If you already have the "OHPC Capacity Cluster" account, you will automatically be added to Solo.

Otherwise, all MoW account requests are submitted via WebCARS.

Users from Tri-Labs, NWC, and ASC University Alliance Partners may submit account requests via SARAPE.

Login & Compile Nodes

Solo cluster has two login nodes: solo-login[1-2], that serve as access points to the cluster, and also as the compile environment. The login nodes have the same hardware configuration as the compute nodes.

Please do not run jobs or applications directly on the login node!

Logging into the Solo system

Use "ssh" to log into:

  • alias "solo" or "solo-login[1-2]"
  • login with your username and Yubikey PIN and OTP output

File Systems

/home should be primarily used for storage of input decks and other small data.

Neither /home nor /projects should be used to write output from job runs for Solo.

We encourage you to use /qscratch and /gpfs to write output from job runs.

The following file systems are on Solo:

  • /home:      100 TB
  • /projects:   100 TB
  • /qscratch:   3.7 PB
  • /gpfs:          4.1 PB

Using Modules

Modules provide a convenient way to set up the environment information that is needed for running codes. Each machine has a large set of available modules, and a default set is loaded for you when you log in. LMOD replaces the TOSS2 modules system. LMOD has more options and it is user friendly.

These default modules set up the basic environment that you need for building and running codes.

Modules also provide an easy way to switch to a non-default environment if needed, and to provide access to various specialized libraries such as fftw, MKL, etc.

There are two main sections in the user environment under TOSS3.
/apps/modules/modulefiles
/opt/modules/modulefiles

The module name and environment variables set by these modules are different.

For example, /opt/modules/modulesfiles sets environment variables FFTW_LIBS and FFTW_INCLUDES instead of FFTW_LIB and FFTW_INCLUDE that we are used to.

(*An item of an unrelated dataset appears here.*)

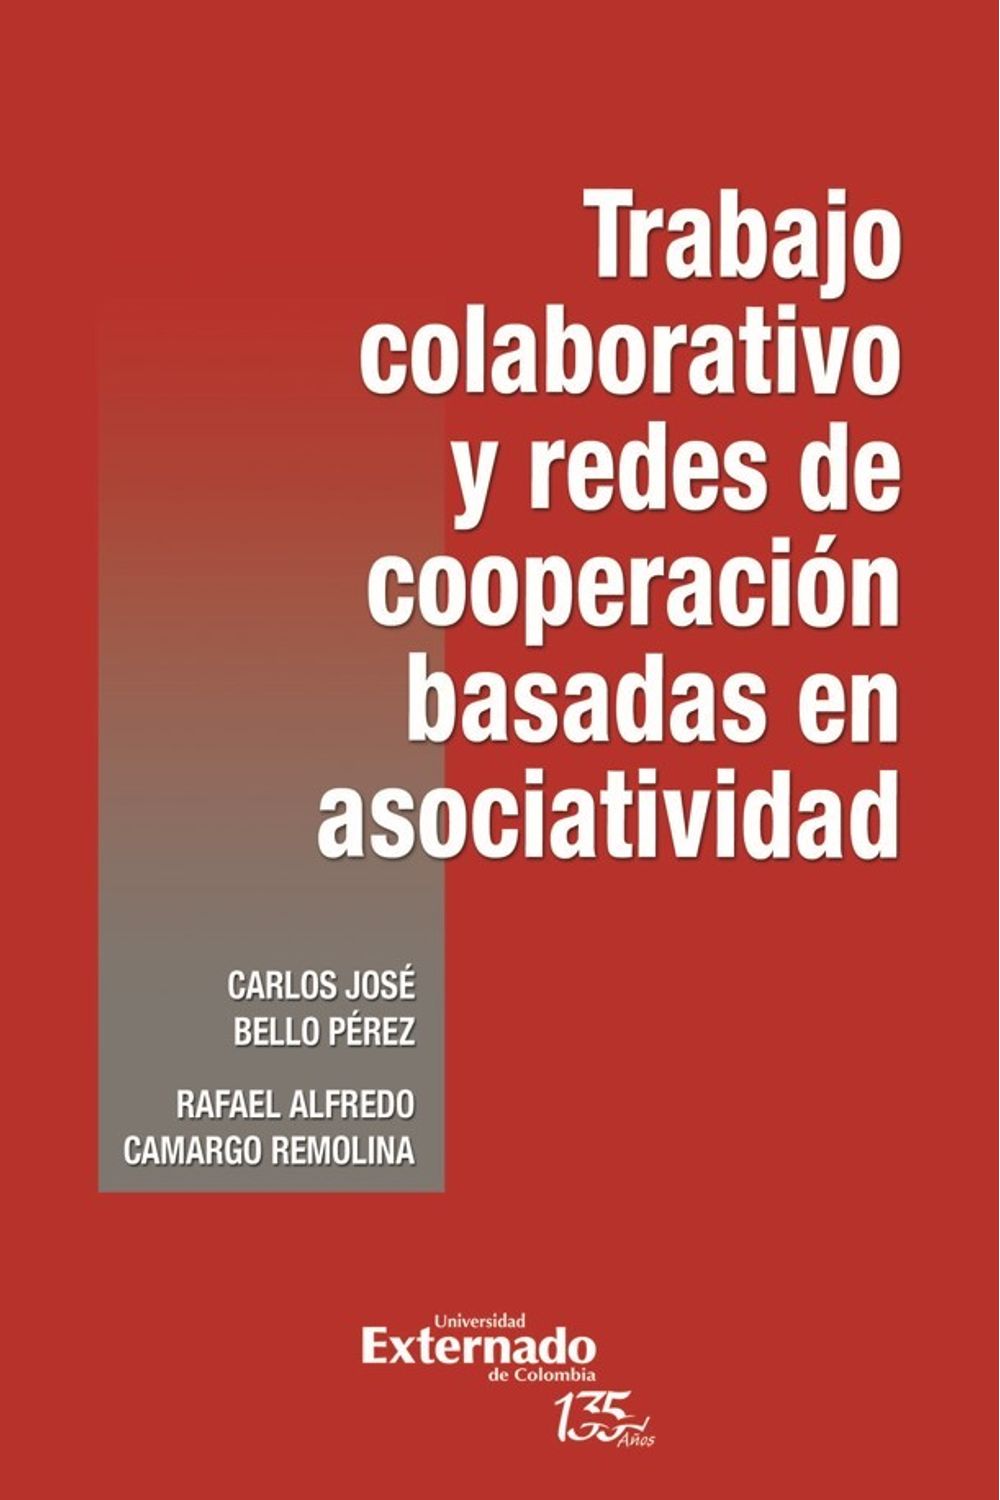 trabajo-colaborativo-y-redes-de-cooperacion-basadas-en-asociatividad-9789587906608-uext

The compilers and MPI that are set up as defaults will be the most recent tested versions that we can manage, but there will usually be more recent versions available on the system as well.

We don’t change the default environment very often in order to minimize disruptions to users’ workflow.

Users may want to keep abreast of the latest versions on the system (by simply looking at the output of module av) since these sometimes provide better performance.

Learning More About Environment Modules

More information about Environment Modules is available at the Environment Modules project homepage

Note - Export Controlled Information (ECI) and Unclassified Controlled information (UCI) are NOT allowed on Solo.